There are two of these structures to be provided by architecture-specific code: one describing the requirements for executable allocations, and one for data allocations. In each, the pgprot field describes the protections that must be applied in the page tables, while start and end delineate the address range in which the allocations should fall. Some architectures implement a second "fallback" range to be used if an allocation attempt from the primary range fails; the location of the fallback range, if any, is stored in fallback_start and fallback_end.

These structures are then bundled into an overall structure controlling how allocations of executable memory (and associated data) are handled on any given architecture:

    struct jit_alloc_params {
	struct jit_address_space	text;
	struct jit_address_space	data;
	enum jit_alloc_flags		flags;
	unsigned int			alignment;
    };

The flags field allows for the expression of additional, architecture-specific quirks, while alignment allows the specification of the minimum alignment required for such allocations. A certain amount of digging is required to learn that alignment is interpreted as a power of two; alternatively, one can think of it as the number of least-significant bits that must be zero in a properly aligned address.

With this infrastructure in place, it is possible for the kernel subsystems needing to allocate space for executable text to get the memory they need. Since this allocator is separate from the kernel's module loader, it is no longer necessary to enable loadable modules to be able to load other types of code. No real effort has been made to address the performance issues associated with the allocation of executable memory; the idea is that this sort of optimization can be added after the interface has been agreed on.

Comments on this work have fallen into two broad categories. Rick Edgecombe worried that this interface could expose executable code that has not yet reached its intended state. Module code, for example, can be tweaked in a number of ways after it lands in memory.

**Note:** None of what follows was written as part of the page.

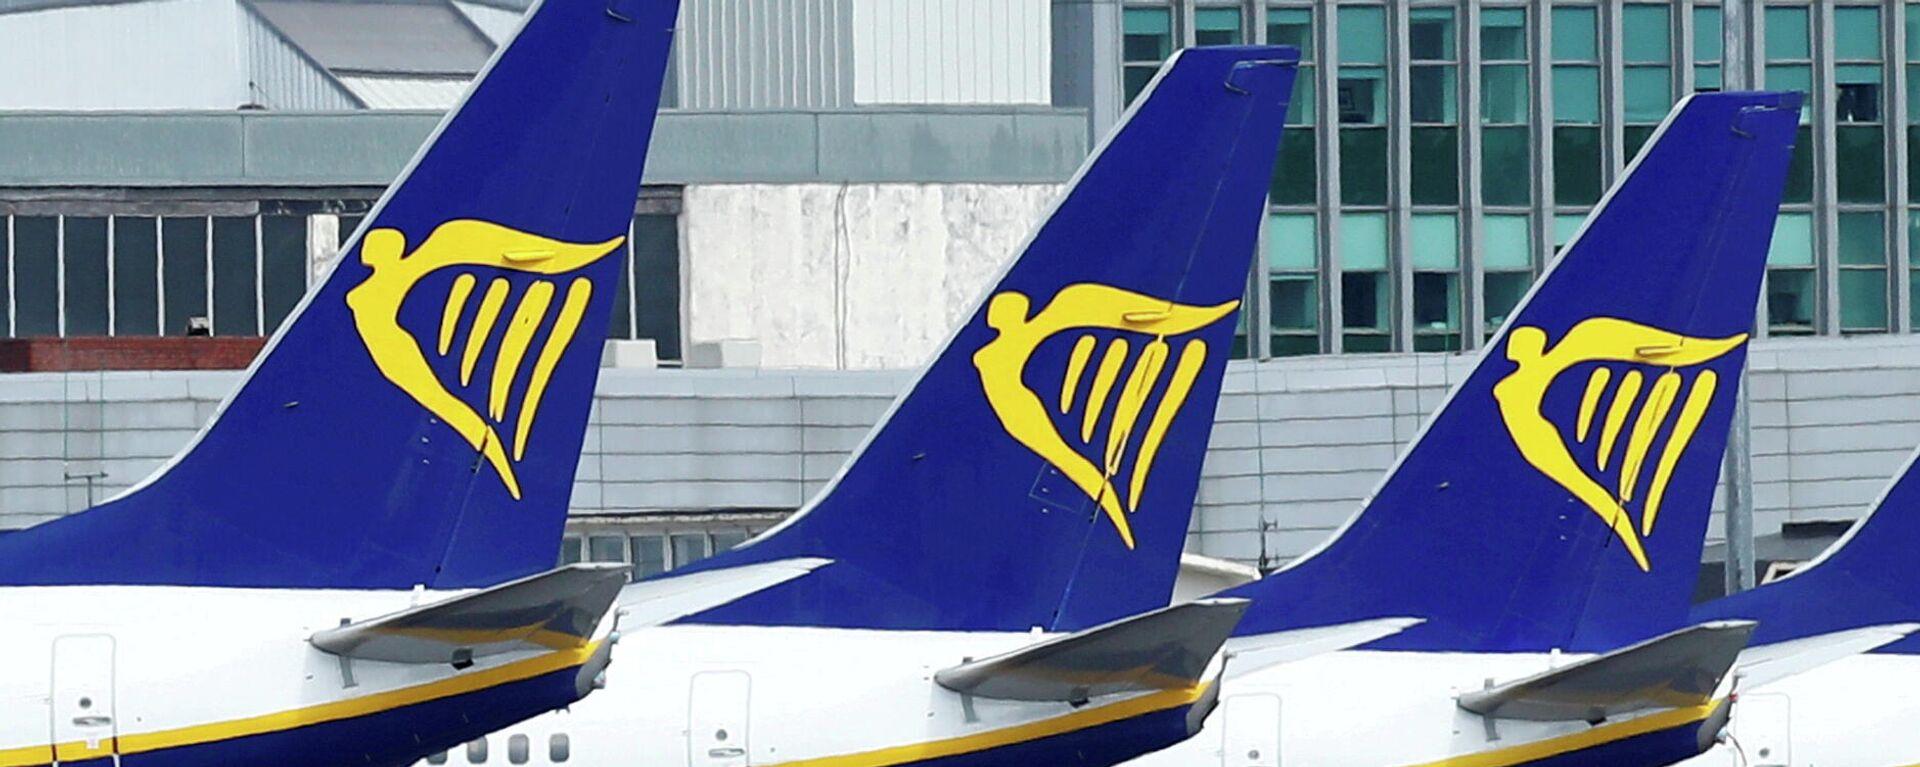 Ryanair, el aerolínea irlandesa  - Sputnik Mundo, 1920, 24.05.2021

It might be better, he suggested, to prepare the code area first before making it executable.

The other concern, from Mark Rutland, was that, on some architectures at least, the requirements for the placement of executable code vary depending on the type of the code. Loadable modules on arm64, for example, have tighter restrictions than kprobes do. Holding all allocations to the tightest constraints could conceivably cause an address-space shortage in the target area. He suggested creating separate allocators for each memory type, all of which might still use a common infrastructure underneath. Rapoport answered that, if it turns out to be necessary, the central infrastructure could learn to apply different rules to different allocations. It's not entirely clear, though, that the problem is serious enough to need this kind of solution.

Overall, the patch set looks like a reasonable start toward a proper API for the allocation of executable memory in the kernel. There have been several attempts in this area over the last few years, though, and nothing has yet made everybody happy. So we'll have to wait to see what might happen this time around.

Index entries for this article
Kernel	Memory management

Yet another memory allocator for executable code

Posted Jun 14, 2023 17:58 UTC (Wed) by riking (subscriber, #95706) [Link]

> Rick Edgecombe worried that this interface could expose executable code that has not yet reached its intended state. Module code, for example, can be tweaked in a number of ways after it lands in memory. It might be better, he suggested, to prepare the code area first before making it executable.

Uh, this appears to be exactly what jit_update_copy is for? You make a regular kalloc, tweak the code there, then jit_update_copy it to the executable location.